The Padmanabhaswamy Temple in Kerala, India was built in the 16th century by the local rulers, the Maharajahs of Travancore. It is the wealthiest place of worship anywhere in the world, and the treasure found in its vaults is worth well over the trillion dollar mark. In 2011, a decision was made to open up the chambers and vaults of the temple. What was found was extraordinary – gold statues, hundreds of rubies, diamonds, gold crowns, emeralds and other jewels, and thousands of precious coins. Not all of the vaults have even been opened yet, though what has so far been revealed is conservatively estimated at over a trillion dollars. The treasures are believed to have been donated by many Indian rulers over the centuries to the Hindu gods and held by the Temple.
A controversial and extraordinary find, this one. Heinrich Schliemann was an inspired amateur, working in the new field of archaeology in the 1870s, digging at a site in Turkey believed to be the location of the historical Troy made famous by Homer’s Iliad. There he did find amazing treasures – silver vases, copper ornaments, golden cups and bottles, silver weapons, gold rings by the hundred, and the golden diadems he called the ‘Jewels of Helen’. Altogether he claimed to have found the treasure of King Priam who defended his city against the Mycenaeans in Homer’s epic poem. What he found, though, was much too early for that. The finds ended up in Berlin after Schliemann smuggled them out of Turkey. And in 1945, they disappeared only to resurface in Moscow in 1993 where they remain.
The Dark Ages are called dark because we have so little documentary evidence about them. In epic poetry like Beowulf, we hear about warriors being buried in great ships with their weapons for the trip to the underworld. And at Sutton Hoo in Suffolk, a real ship burial full of wonderful jewels and gems was discovered. The site had long been known as a burial mound before the major excavation of 1939. But what was uncovered was unprecedented – a ship burial of a great warrior or king of East Anglia, bedecked with silver bowls from Byzantium, spears and swords inlaid with gems, shoulder-clasps and ornaments, and a now-iconic helmet inlaid with garnets.
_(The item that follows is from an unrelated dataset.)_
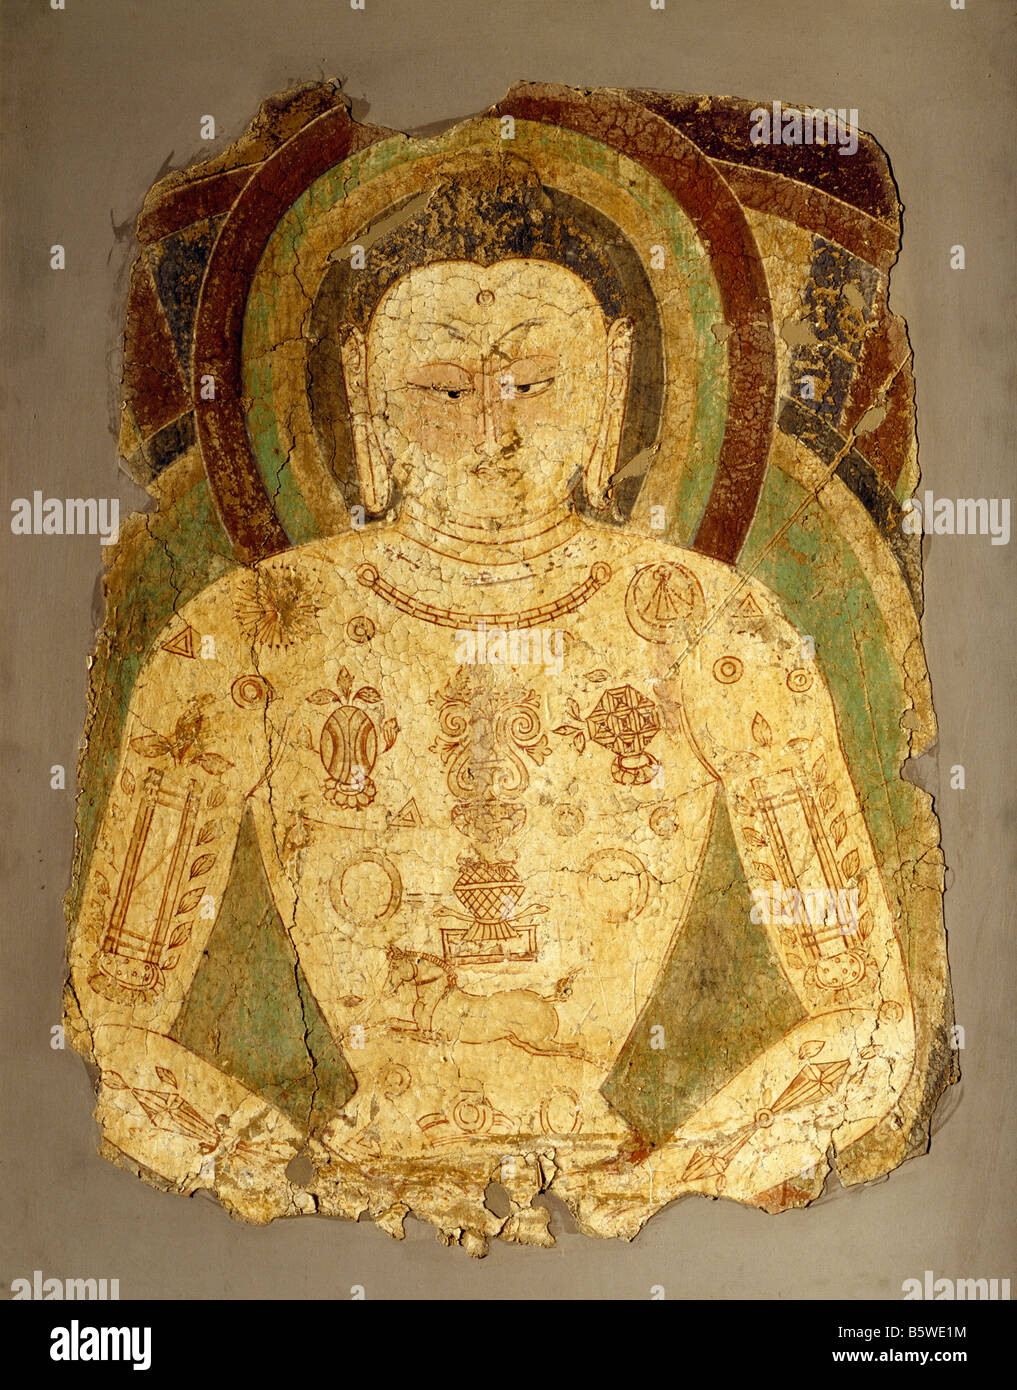 Vairochana Buddha Wandbild aus Zentral Asien Balawaste 7. / 8. Jahrhundert. Nationales Museum von Neu-Delhi Indien Har. 75,8 x 56 D Stockfoto

For a long time, mystery surrounded the so-called Black Swan Project. The American company Odyssey Marine Exploration were known to be working on recovering the contents of a wreck somewhere in the Atlantic, but they let on little about it. Rumours suggested it was a British ship lost off the Isles of Scilly. In truth, it was the cargo of the Nuestra Señora de las Mercedes, a Spanish frigate sunk in battle with the British in 1804 off Portugal carrying gold and silver. When this was revealed in 2007, the Spanish Government went after the company. A court in the USA forced Odyssey Marine Exploration to hand over the recovered treasure, worth $500 million, back to Spain where it’s now on show.
The largest hoard of Anglo-Saxon gold and silver – larger even than the buried treasure at Sutton Hoo – was found in 2009 by the metal detectorist Terry Herbert in a field close to Hammerwich in Staffordshire. It became known as the Staffordshire Hoard and was made up mostly of military items, made by the most skilled craftsmen of the age. What was found were sword hilts, crosses, buckles, pommels, rings – all of gold and silver and inlaid with gems and jewels that would have required the craftsmen to use some form of a magnifying device. When the hoard was deposited in the 7th century, Staffordshire was part of the kingdom of Mercia, and the hoard may have formed death-duties given to the king on the passing of a warrior.